Intense competition in reverse auctions for solar projects due to limited supply of projects has pushed companies to bid lower, sacrificing margins, in order to gain market share, the report said.

“Highly competitive reverse auctions, falling module and component prices, the introduction of solar parks, lower borrowing costs, and the entry of large power conglomerates with strong balance sheets and access to cheaper capital have all contributed to the dramatic fall in bids,” it said.

Reuters: Toshiba's Westinghouse May File Bankruptcy Tuesday

Westinghouse Electric, the U.S. nuclear unit of Japan's Toshiba, could file for bankruptcy protection as early as Tuesday and is seeking support from South Korea's Korea Electric Power, the Nikkei said on Monday.

A Chapter 11 filing could help Toshiba limit damage from losses at Westinghouse, the report by the Japanese business daily said, without citing sources for its information.

Sources told Reuters on Friday that Toshiba had told its main banks it planned to have Westinghouse file for bankruptcy on Friday, expanding charges related to the U.S. unit this business year to around 1 trillion yen ($9 billion) from its publicly flagged estimate of 712.5 billion yen.

Bloomberg: Trump Said to Issue Far-Reaching Reversal of Obama Climate Push

President Donald Trump is set to sign a sweeping executive order on Tuesday aimed at promoting domestic oil, coal and natural gas by reversing much of his predecessor’s efforts to address climate change.

The document lays out a broad blueprint for the Trump administration to dismantle the architecture that former President Barack Obama built to combat the phenomenon, according to details shared with Bloomberg News. Some of the changes would happen immediately, while others would take years to complete.

The order will compel federal agencies to quickly identify any actions that could burden the production or use of domestic energy resources, including nuclear power, and then work to suspend, revise or rescind the policies unless they are legally mandated, are necessary for the public interest or promote development.

The Washington Post: The Mercers, Trump Mega-Donors, Back Group That Casts Doubt on Climate Science

The atmosphere was buoyant at a conference held by the conservative Heartland Institute last week at a downtown Washington hotel, where speakers denounced climate science as rigged and jubilantly touted deep cuts President Trump is seeking to make to the Environmental Protection Agency.

Front and center during the two-day gathering were New York hedge fund executive Robert Mercer and his daughter Rebekah Mercer, Republican mega-donors who with their former political adviser Stephen K. Bannon helped finance an alternative media ecosystem that amplified Trump’s populist themes during last year’s campaign.

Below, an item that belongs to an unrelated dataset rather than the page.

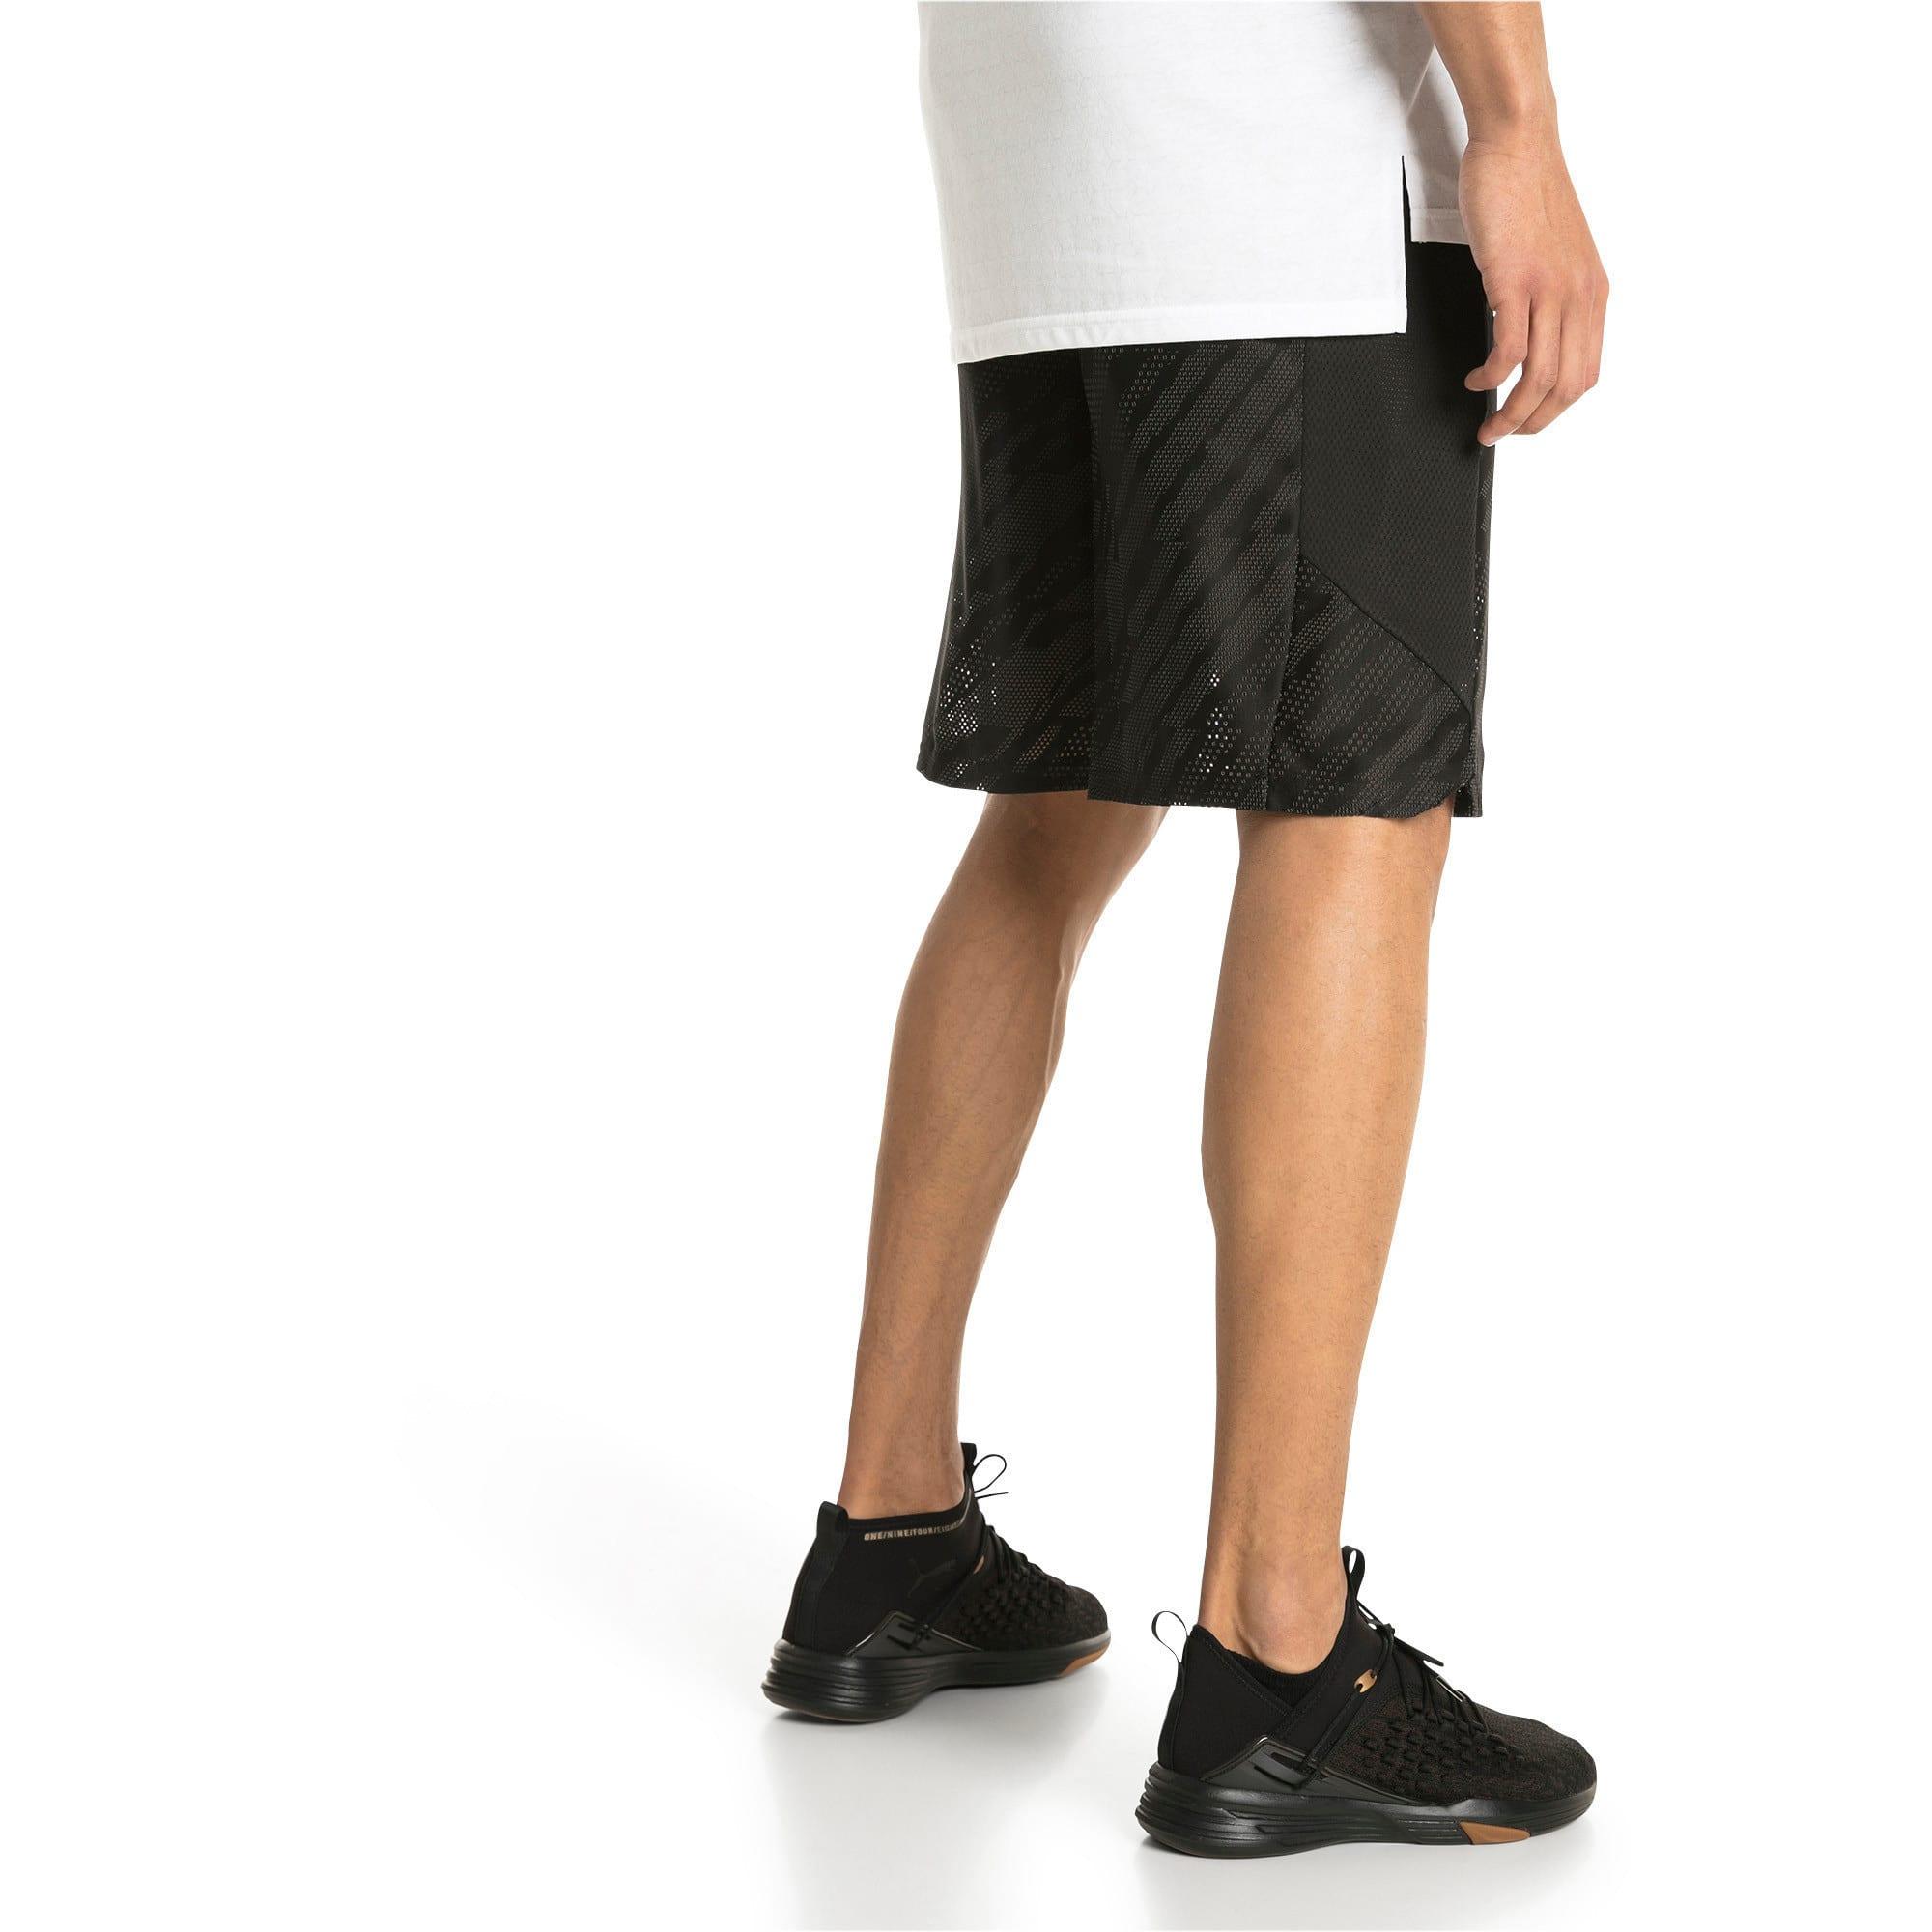 "Thumbnail 2 of VENT 10"" Men's Knit Shorts, Puma Black-Iron Gate, medium-IND"

The Mercers’ attendance at the two-day Heartland conference offered a telling sign of the low-profile family’s priorities: With Trump in office, the influential financiers appear intent on putting muscle behind the fight to roll back environmental regulations, a central focus of the new administration.

Guardian: Trump Presidency 'Opens Door' to Planet-Hacking Geoengineer Experiments

Harvard engineers who launched the world’s biggest solar geo-engineering research program may get a dangerous boost from Donald Trump, environmental organizations are warning.

Under the Trump administration, enthusiasm appears to be growing for the controversial technology of solar geo-engineering, which aims to spray sulphate particles into the atmosphere to reflect the sun’s radiation back to space and decrease the temperature of Earth.

Sometime in 2018, Harvard engineers David Keith and Frank Keutsch hope to test spraying from a high-altitude balloon over Arizona, in order to assess the risks and benefits of deployment on a larger scale.

Keith canceled a similar planned experiment in New Mexico in 2012, but announced he was ready for field testing at a geo-engineering forum in Washington on Friday.